There’s an institution in Lexington known as the Headquarters for Enabling Riotous And Laughable Demagoguery (known for short by its acronym, HERALD). The people who work there experiment with far-out evils such as political patronage, pseudo-meritocracy, and (gasp) republicans. The department in which they work at HERALD is known as the Laboratory for Excitement And Delirium Energizing Reporting (known for short, of course, by its acronym, LEADER). The two departments are often combined in just the term HERALD-LEADER, italicized because it is sometimes called a newspaper.
HERALD-LEADER is controlled by a consortium/methodology operating under a theory known as Kinetic Energy Enervating Legitimate Intelligence in News-mongering Government (known for short by its acronym, KEELING), notwithstanding the fact that the theory is the mother of all oxymorons, since energy used to enervate amounts to the same as beating one’s head against the wall in order to pound intelligence into it (the head, that is), whether for news-mongering or anything else. The resident writer of articles for the op-ed page at the HERALD-LEADER is Boy Columnist (BC), who is actually known, coincidentally, by his nickname, Keeling.
Boy Columnist always refers to the state’s leading executive as Boy Governor (BG), and describes him as a non-factotum heading an administration referred to by BC as the Kiddie Korps (KK). BC, in turn, is part of the editorial consortium at the HERALD-LEADER known as the Giddy Gang (GG). Since this section of the paper is and has been run for a long time by ladies, some wags chauvinistically call this group the Girlie Gaggle, but no one who is politically correct and in his right mind would stoop to such a thing, except that maybe California Governor Arnold Schwarzeneggar might do so. The HERALD-LEADER’s publisher is male and the op-ed elitist columnist is male, so it’s only fair that the op-ed department belong to distaff staff.
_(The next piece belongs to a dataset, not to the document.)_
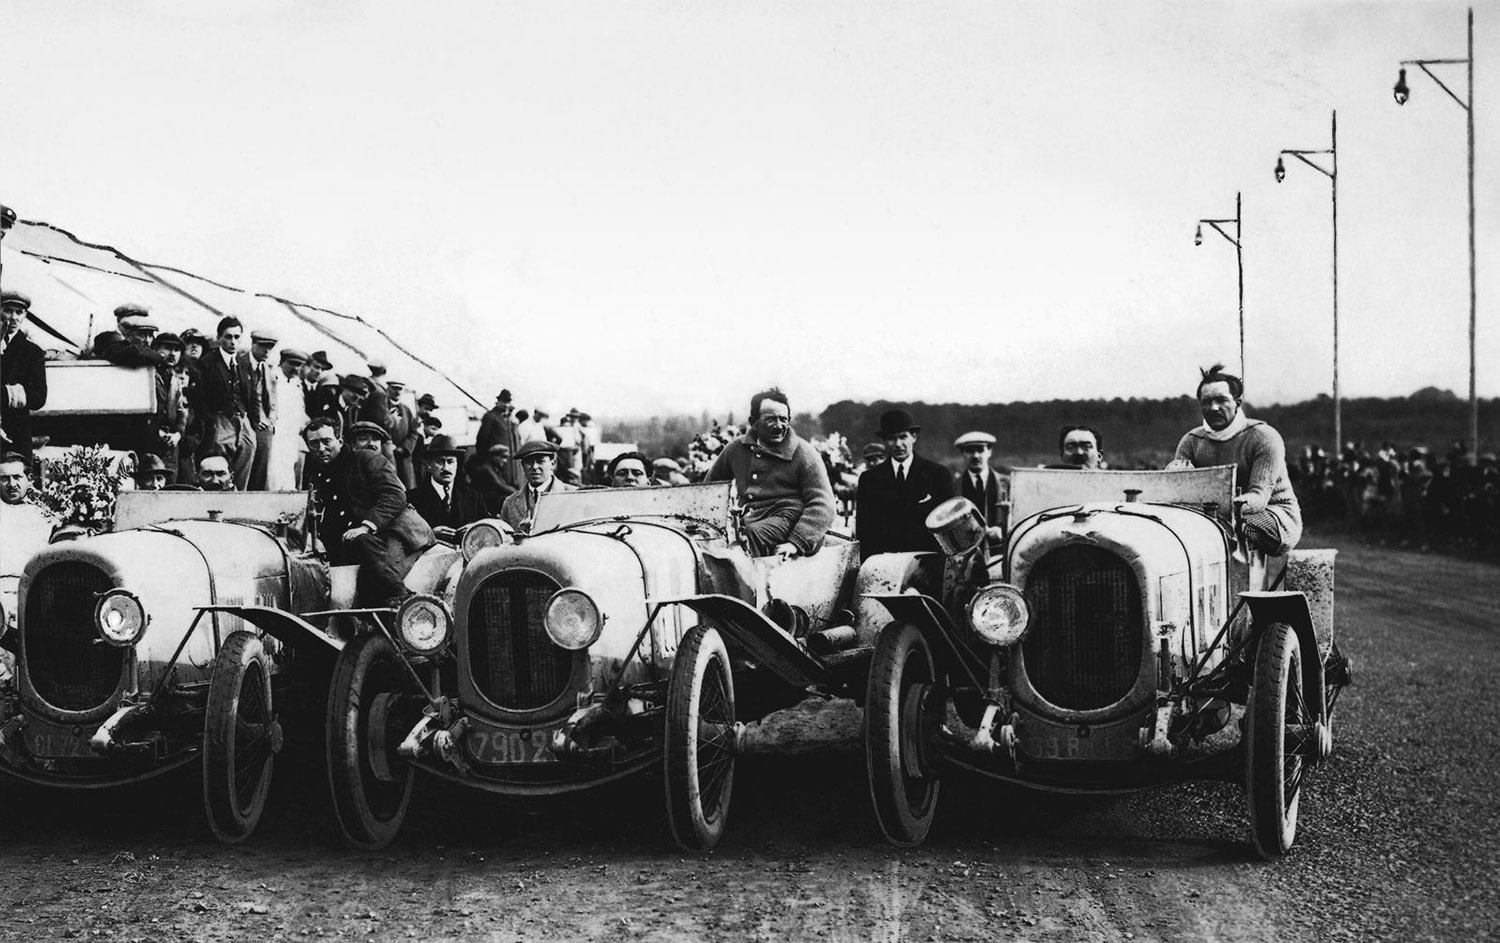 1920s car racers with Michelin tires

Boy Columnist is a politically sensitive writer who is known for his ability to spot shady shenanigans, especially those having to do with merit-system abuse in government. He gained his nose for noticing nattering nabobs nominating non-entitlementists (okay, not a word, but get the picture) to jobs by simply observing democrats do this evil thing to republicans and especially to each other over a long period. Thus, he has launched a vicious campaign against BG and KK in behalf of BC and GG, not to mention the publisher, using the good auspices of the HERALD-LEADER to focus attention on alleged republican illegalities in hiring republicans instead of democrats and maybe a couple or three Green Peaceniks and Nader’s Raiders. Unfortunately, he has used the theory of KEELING in the process, and politically astute commentators have snickered in print and over the airwaves. Some have wondered at his mental state, since he admitted in a column of June 5 to being at one time possibly befuddled and confounded by his inhaling (accidental or otherwise) of lawnmower exhaust fumes. Since his lawn must be mowed regularly in Lexington, there may be something to the notion of Post-Traumatic-Lawnmower-Syndrome. If so, more’s the pity.
Another example in the HERALD-LEADER of PTLS/KEELING-think appeared in the editorial of June 5. The writer made much of the fact that 12.7% of Kentucky families existed below the poverty level in 2000. At that time only democrat administrations had ruled the state for some 30 years. However, in 2003 the number living below the poverty level was 14.3%, a decline of another 13% in just three more years of a democrat administration. Since the HERALD-LEADER is a virtual propaganda machine for the democrats, this little-known fact was not mentioned, but the editorialist(s), using KEELING-think apparently, figured no one would notice this further failure.
Likewise, the editorialist(s) mentioned that in 2000 there was a graduate rate of only 74.1% or higher (whatever that means) among resident hillbillies. In 2002, the public high school graduation rate was 64.9%, which…yeah, KEELING-think again. If that means anything, it mostly means the pork-barrel Kentucky Education Reform Act of 1990, passed by a democratic legislature and signed by a democratic governor, is a total bust, notwithstanding that much, if not most, of the Act has been rescinded. Only 1.33 generations of students have been harmed, but at the current rate – unless the school-based councils are disbanded – more disaster will be on line by the target year of perfection, 2015, when every student is supposed to be an “A” student with unrelentingly high self-esteem.
Using the Headquarters for Enabling Riotous And Laughable Demagoguery and the Laboratory for Excitement And Delirium Energizing Reporting, BC and GG are protecting the public from republican evils perpetrated by BG and KK, so no one should have trouble sleeping at night. It is to be hoped that BC will perform a similar act of public protection by warning lawnmower users to be careful…maybe even go electric or hand-scythe.